⟨

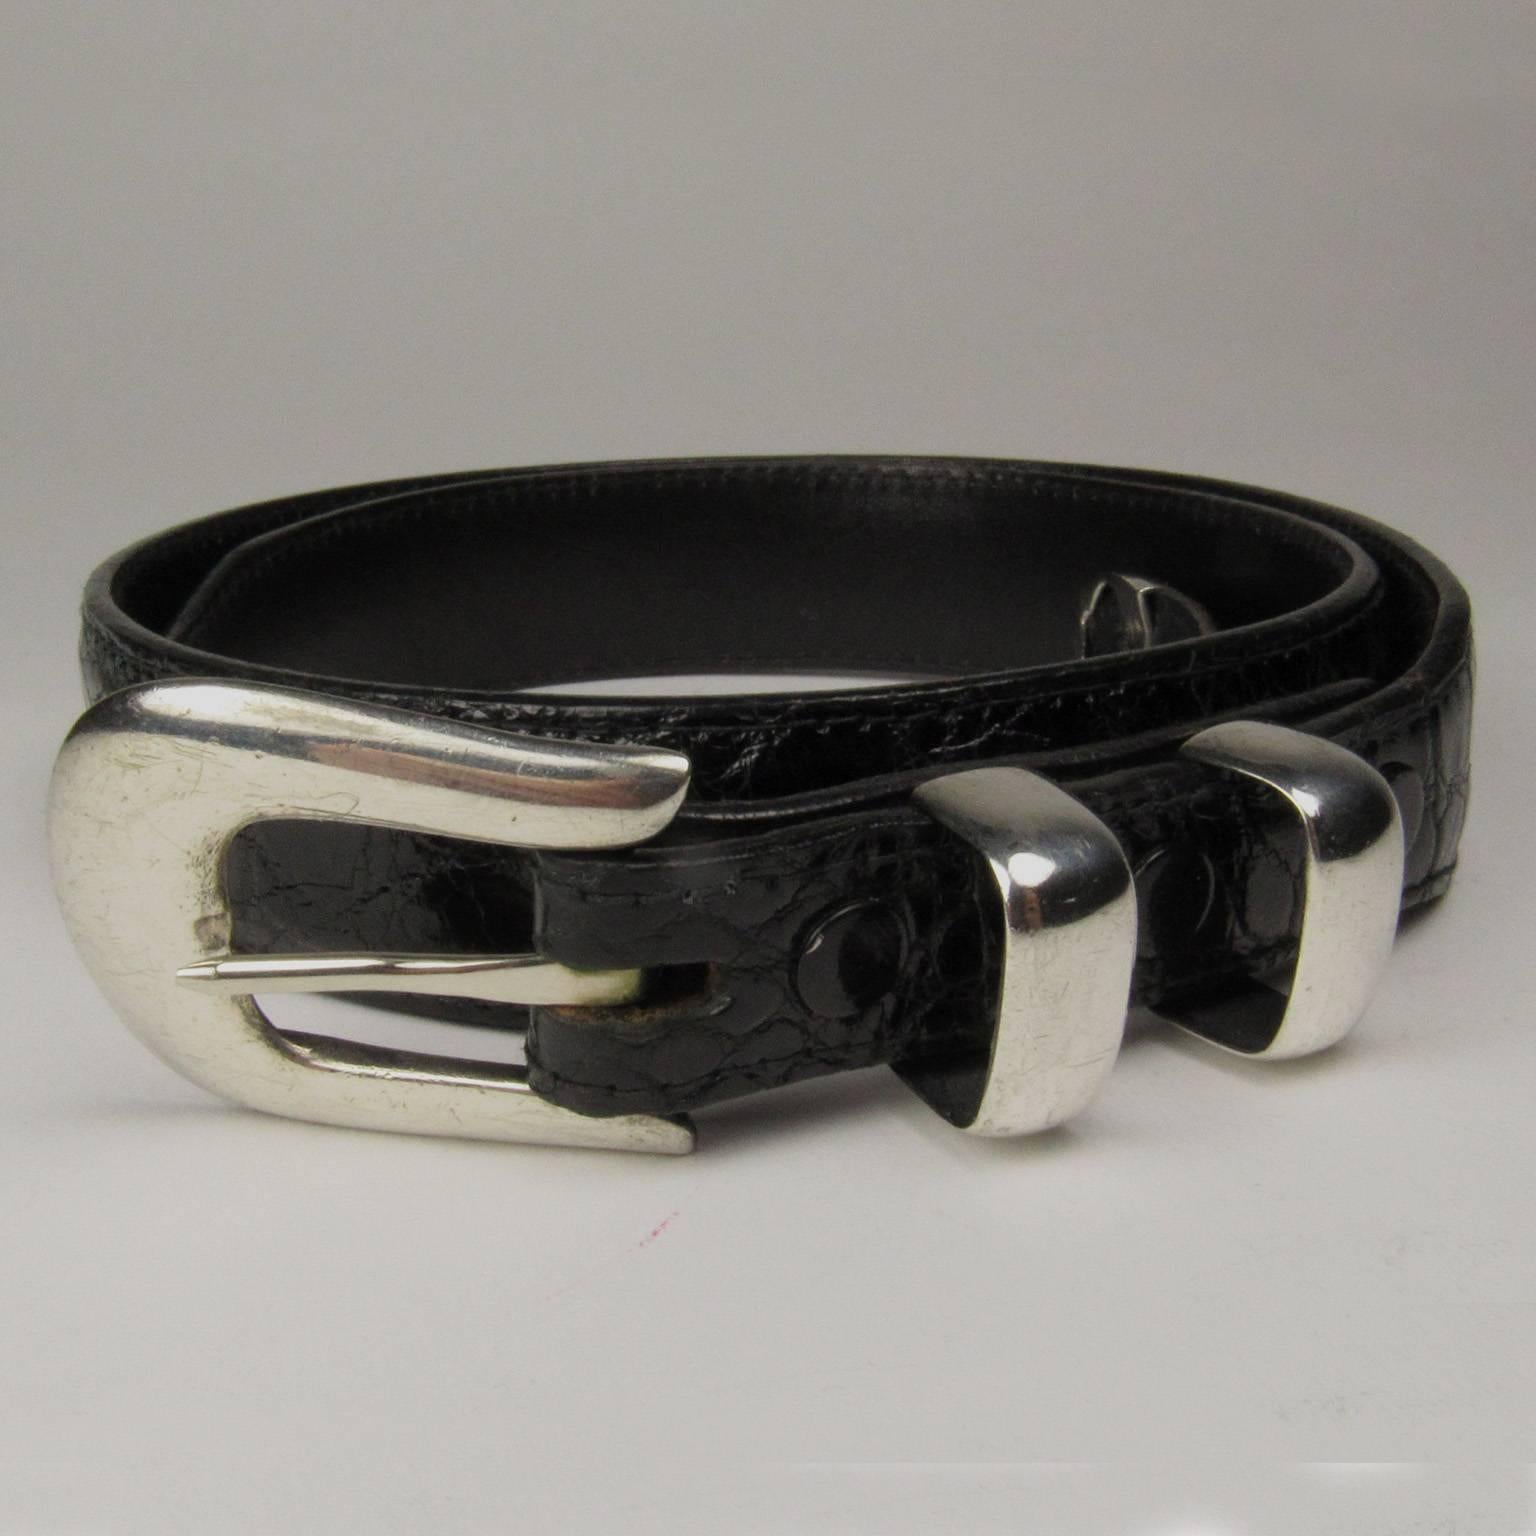 Billy Martin black alligator leather belt with Doug Magnus sterling silver buckle, belt marked 
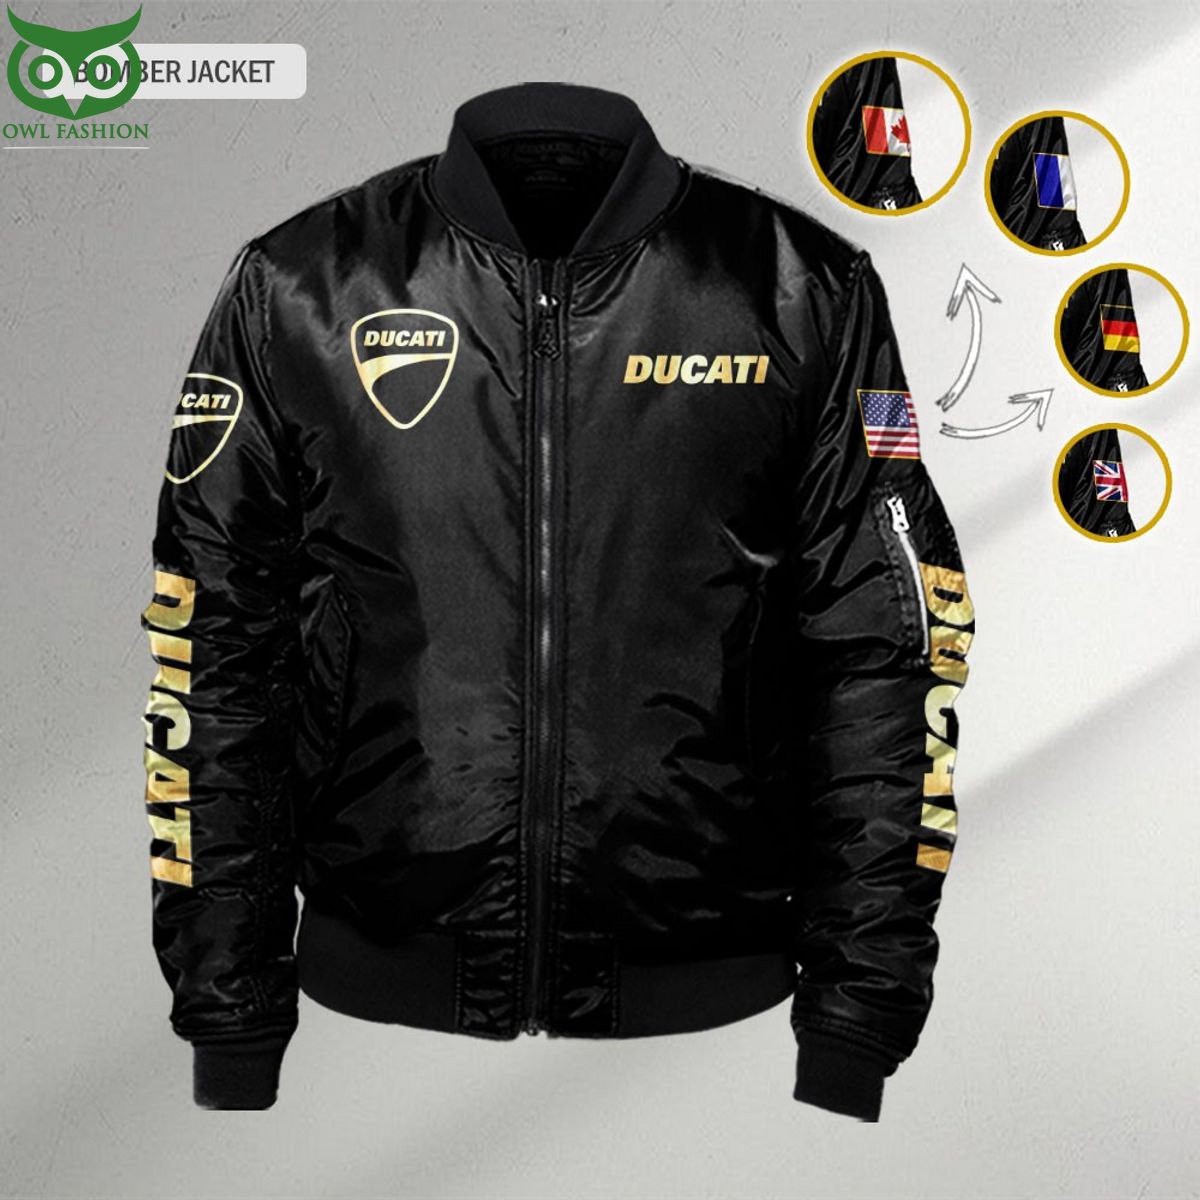 ducatti custom flag 3d bomber jacket 2 t2TOb.jpg
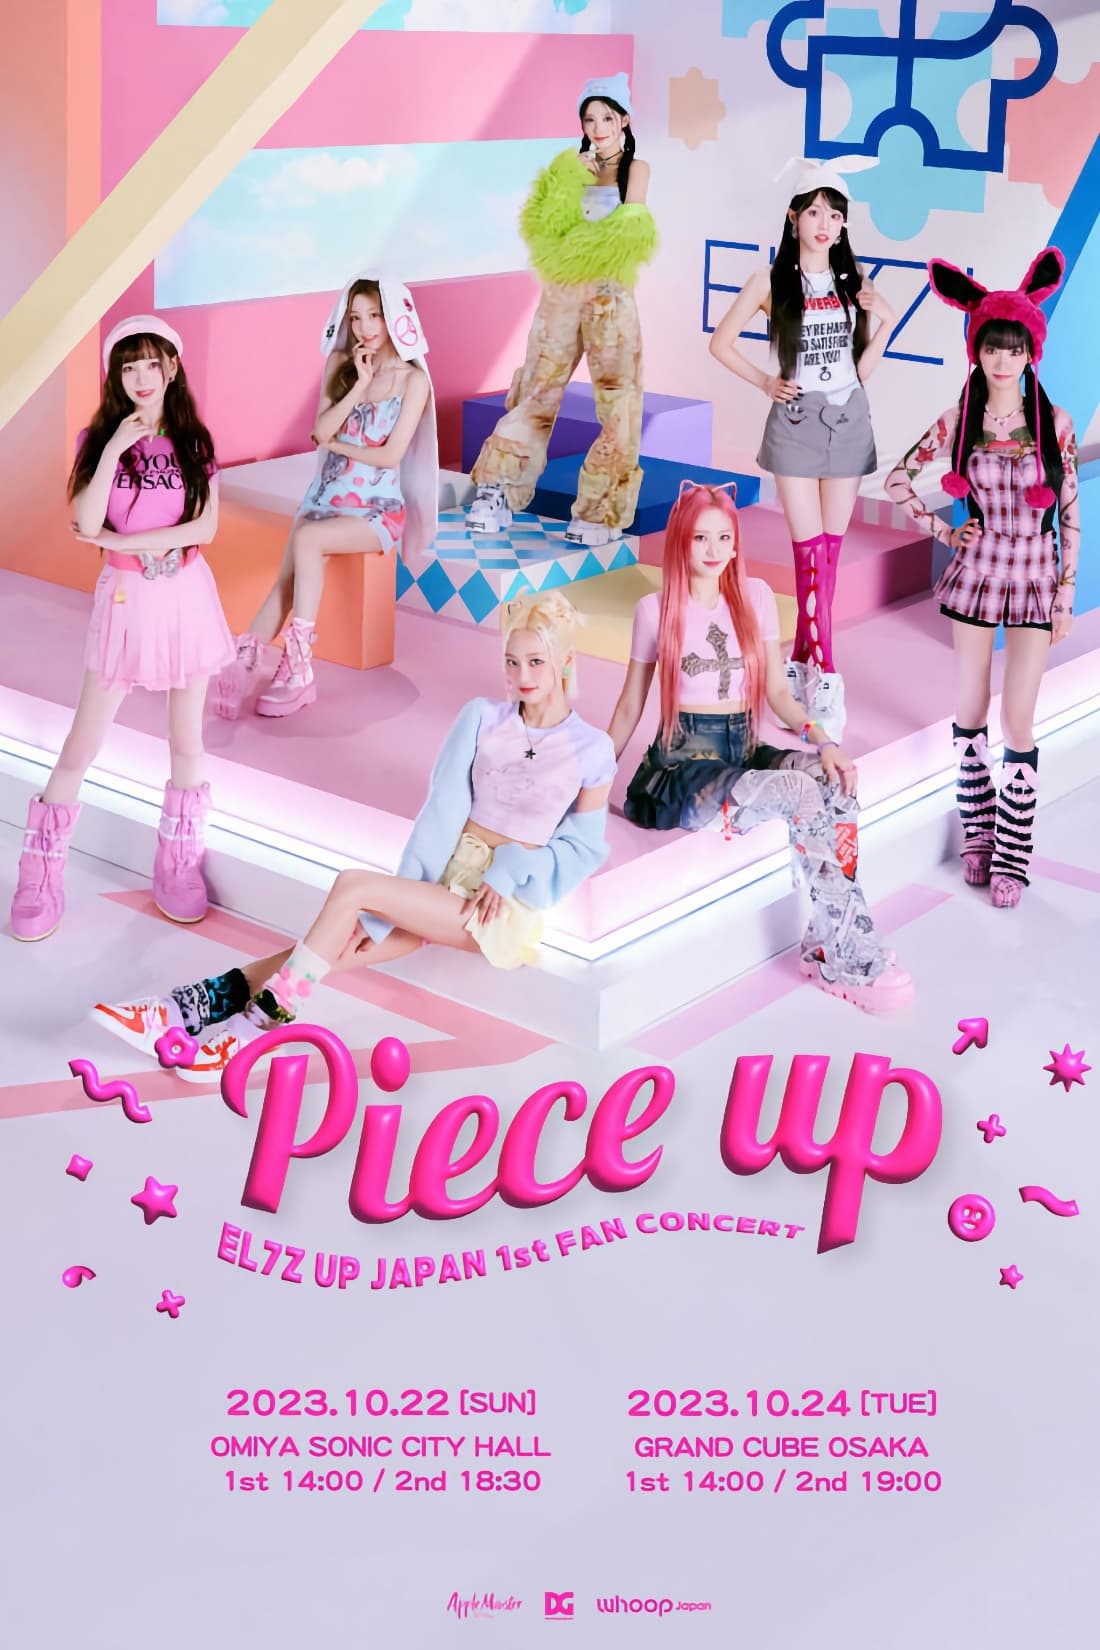 EL7Z UP - Japan 1st Fan Concert 'Piece Up'

⟩

**Exercise objective**
The answer should be an exact copy of the material, with its pictures removed.

**Reply**
 Billy Martin black alligator leather belt with Doug Magnus sterling silver buckle, belt marked 
 ducatti custom flag 3d bomber jacket 2 t2TOb.jpg
 EL7Z UP - Japan 1st Fan Concert 'Piece Up'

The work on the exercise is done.